Where the line holding "بالصور: مركز العجمي" appears, start copying, and continue exactly through the last line of the listing, skipping pictures.

#### [DATA SECTION]
=== Begin Enclosure ===

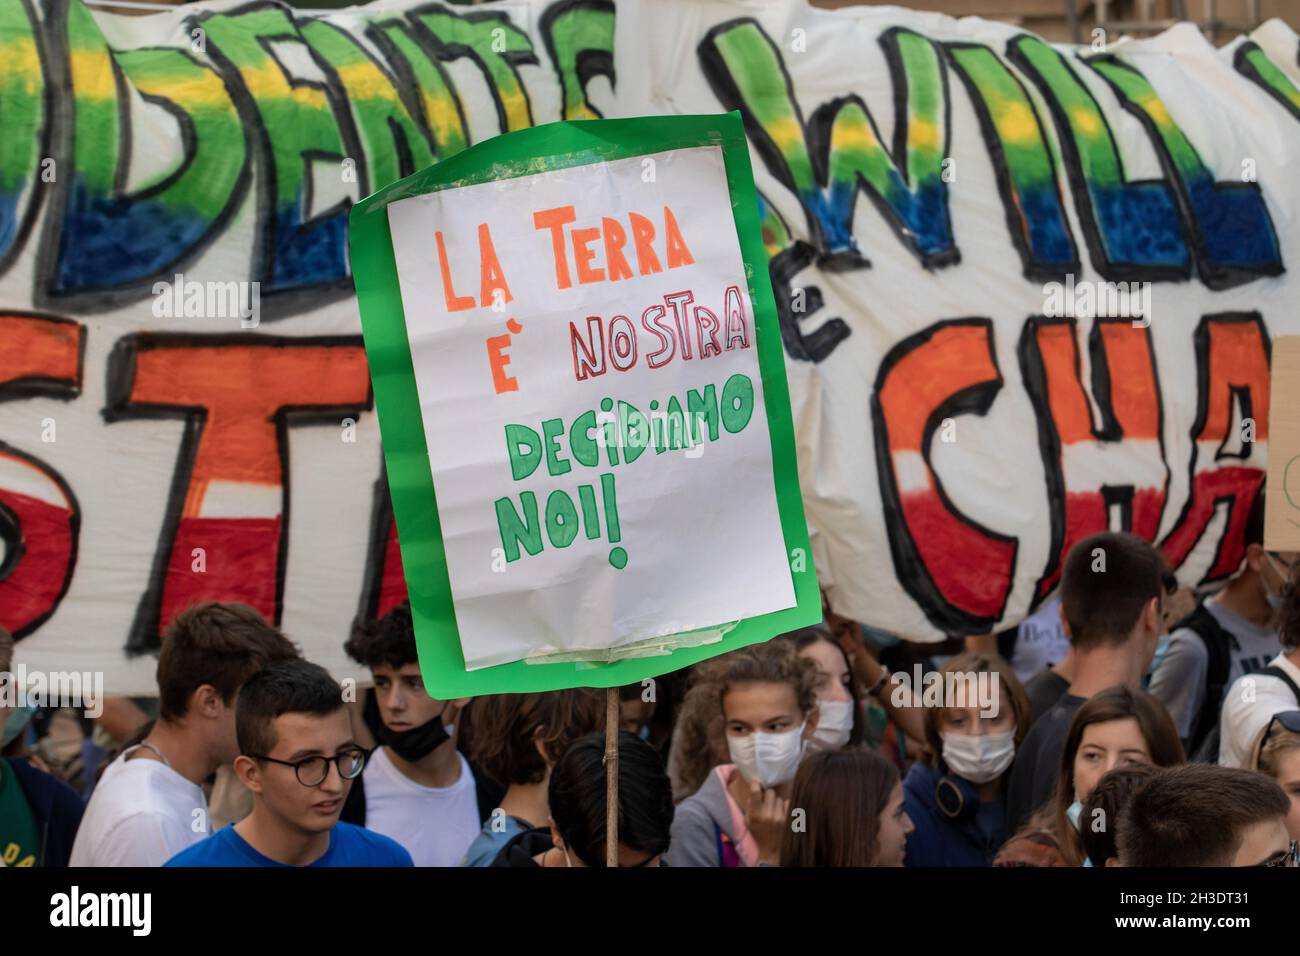 Schild: ' La terra è nostra - Decidiamo noi! ' - ' Die Erde gehört uns - Wir entscheiden! ' Bis zu 50.000 Menschen versammelten sich am 1. Oktober 2021 bei einem Fridays for Future Schulstreik in Mailand, Italien, um anlässlich des Yoth COP 26 und Pre COP ein deutliches Zeichen für Klimaschutz & Umweltschutz, die Einhaltung des Pariser Abkommens und das 1, 5 Grad Ziel und um Druck auf die Politik auszuüben. * Sign: ' The world is our's - we decide! ' On October 1st, 2021 on the occasion of the Youth COP and Pre COP 26 up to 50,000 people joined a Fridays for Future school strike in Milan, Stock Photo
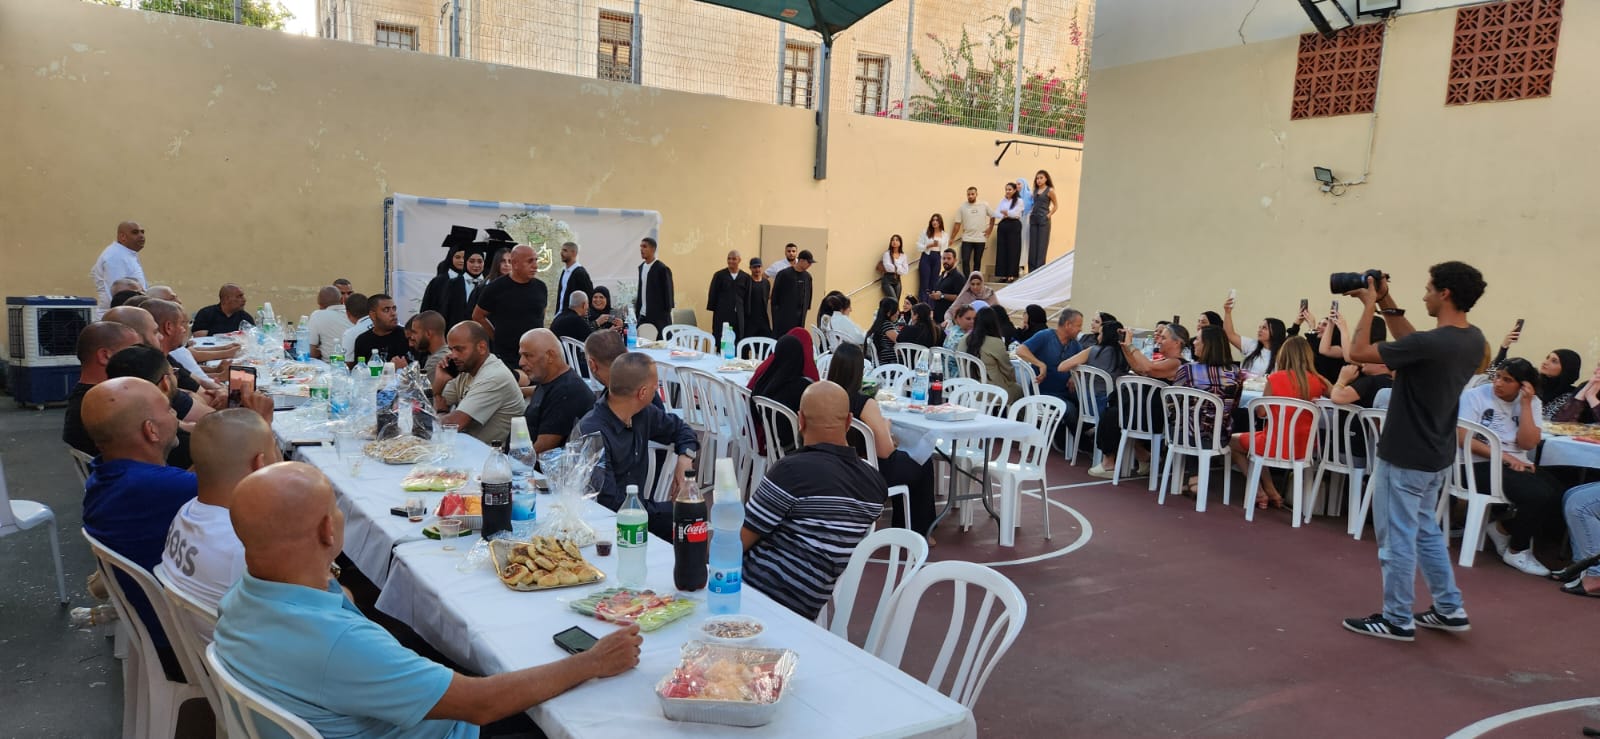 بالصور: مركز العجمي للشبيبة في يافا يُنظم يوماً مفتوحاً 
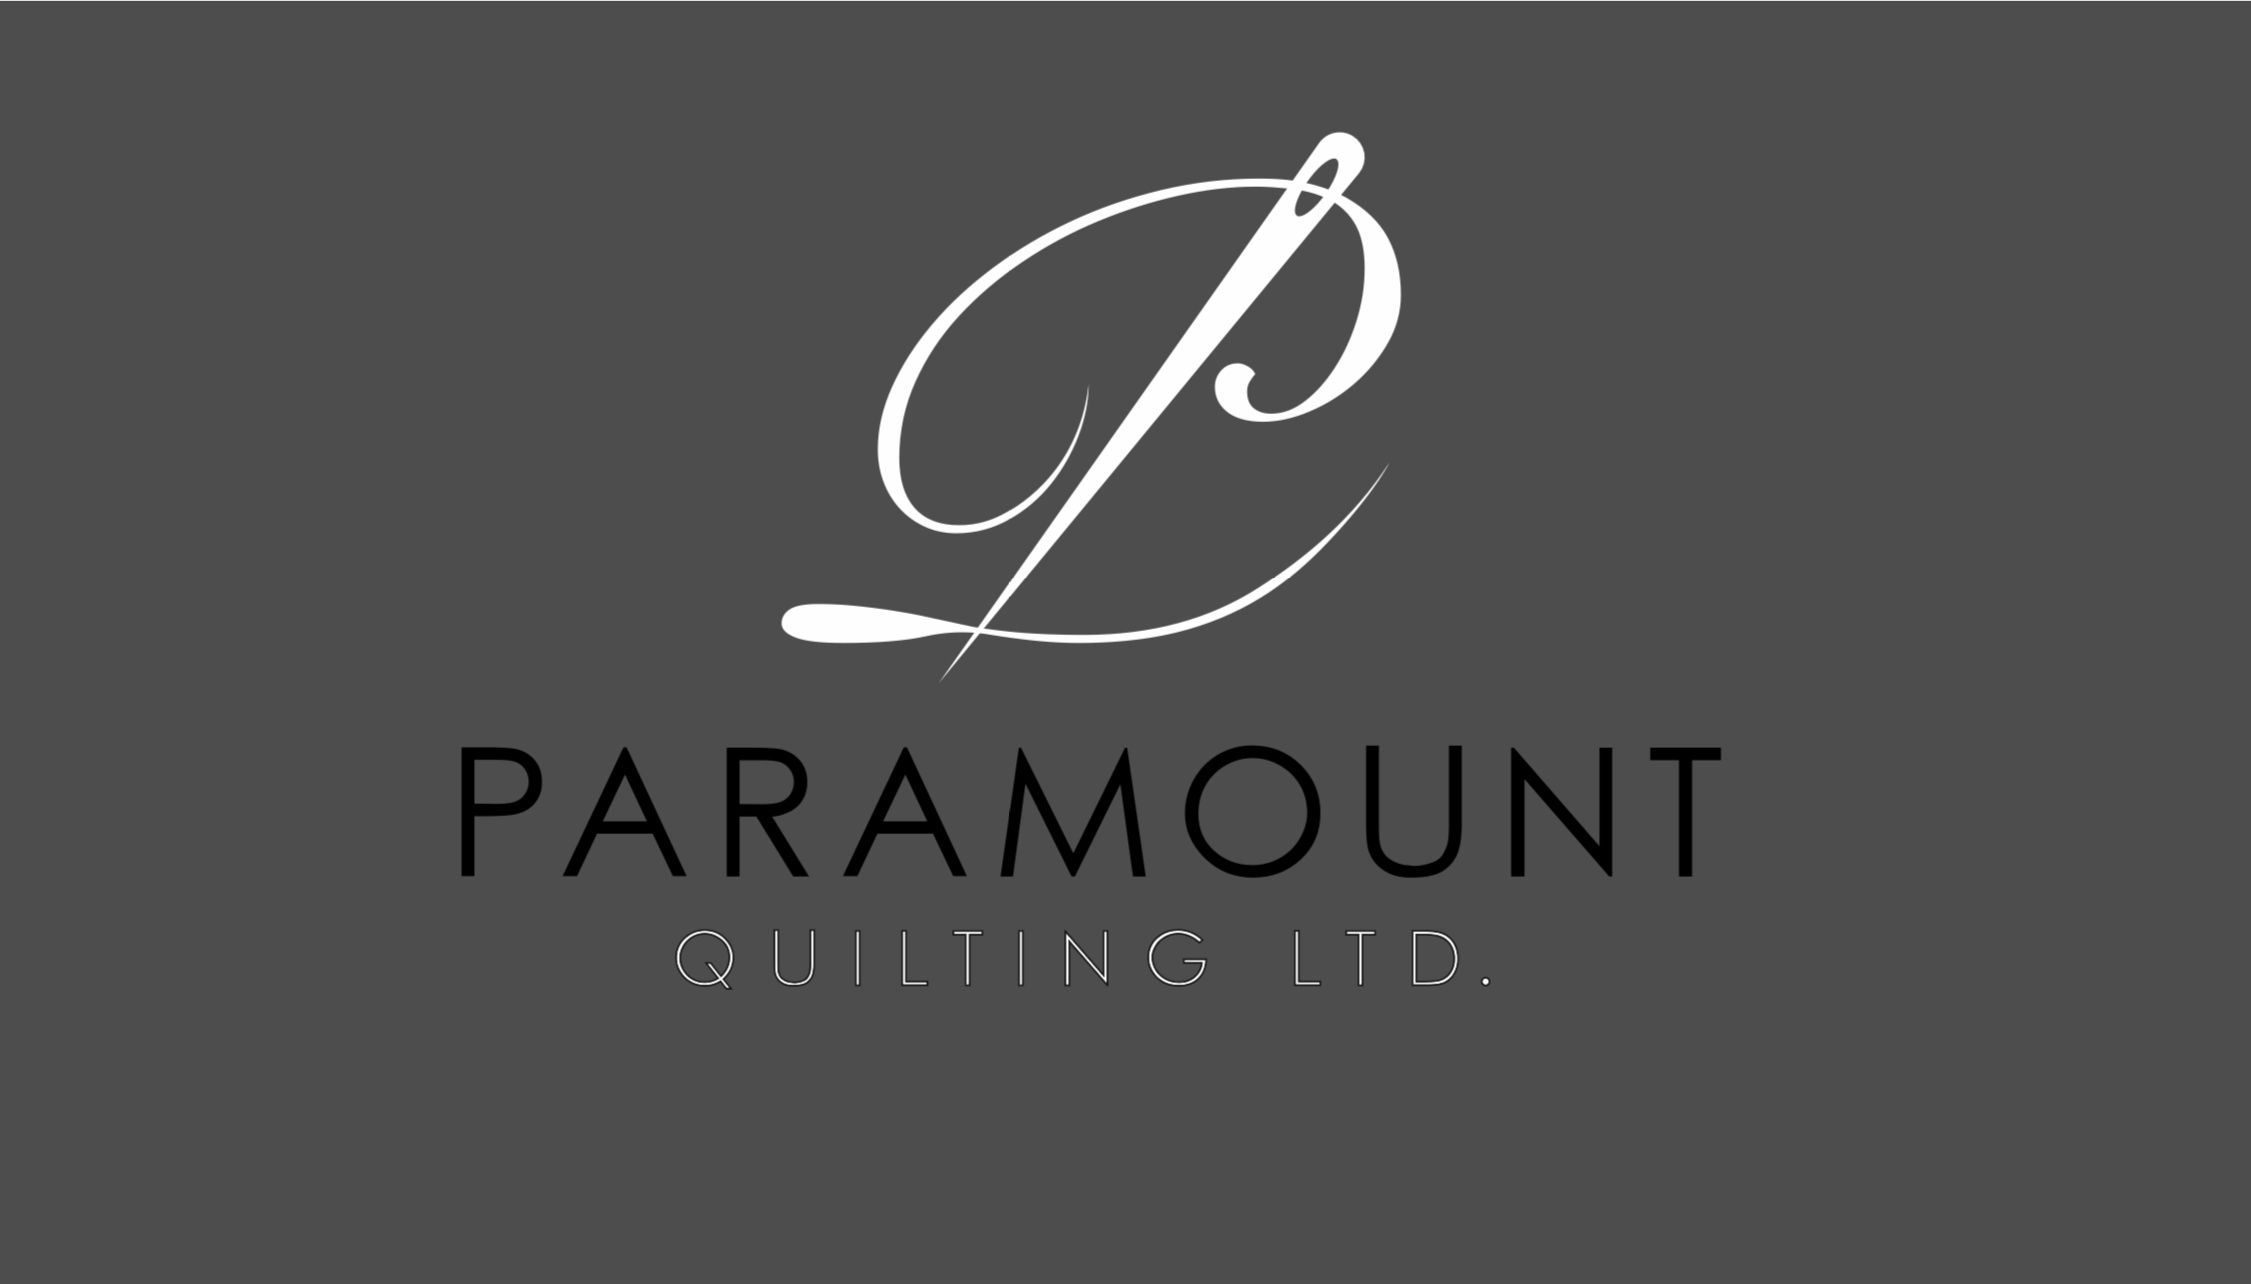 Paramount Quilting

=== End Enclosure ===

#### [SOLUTION TO THE PROBLEM]
 بالصور: مركز العجمي للشبيبة في يافا يُنظم يوماً مفتوحاً 
 Paramount Quilting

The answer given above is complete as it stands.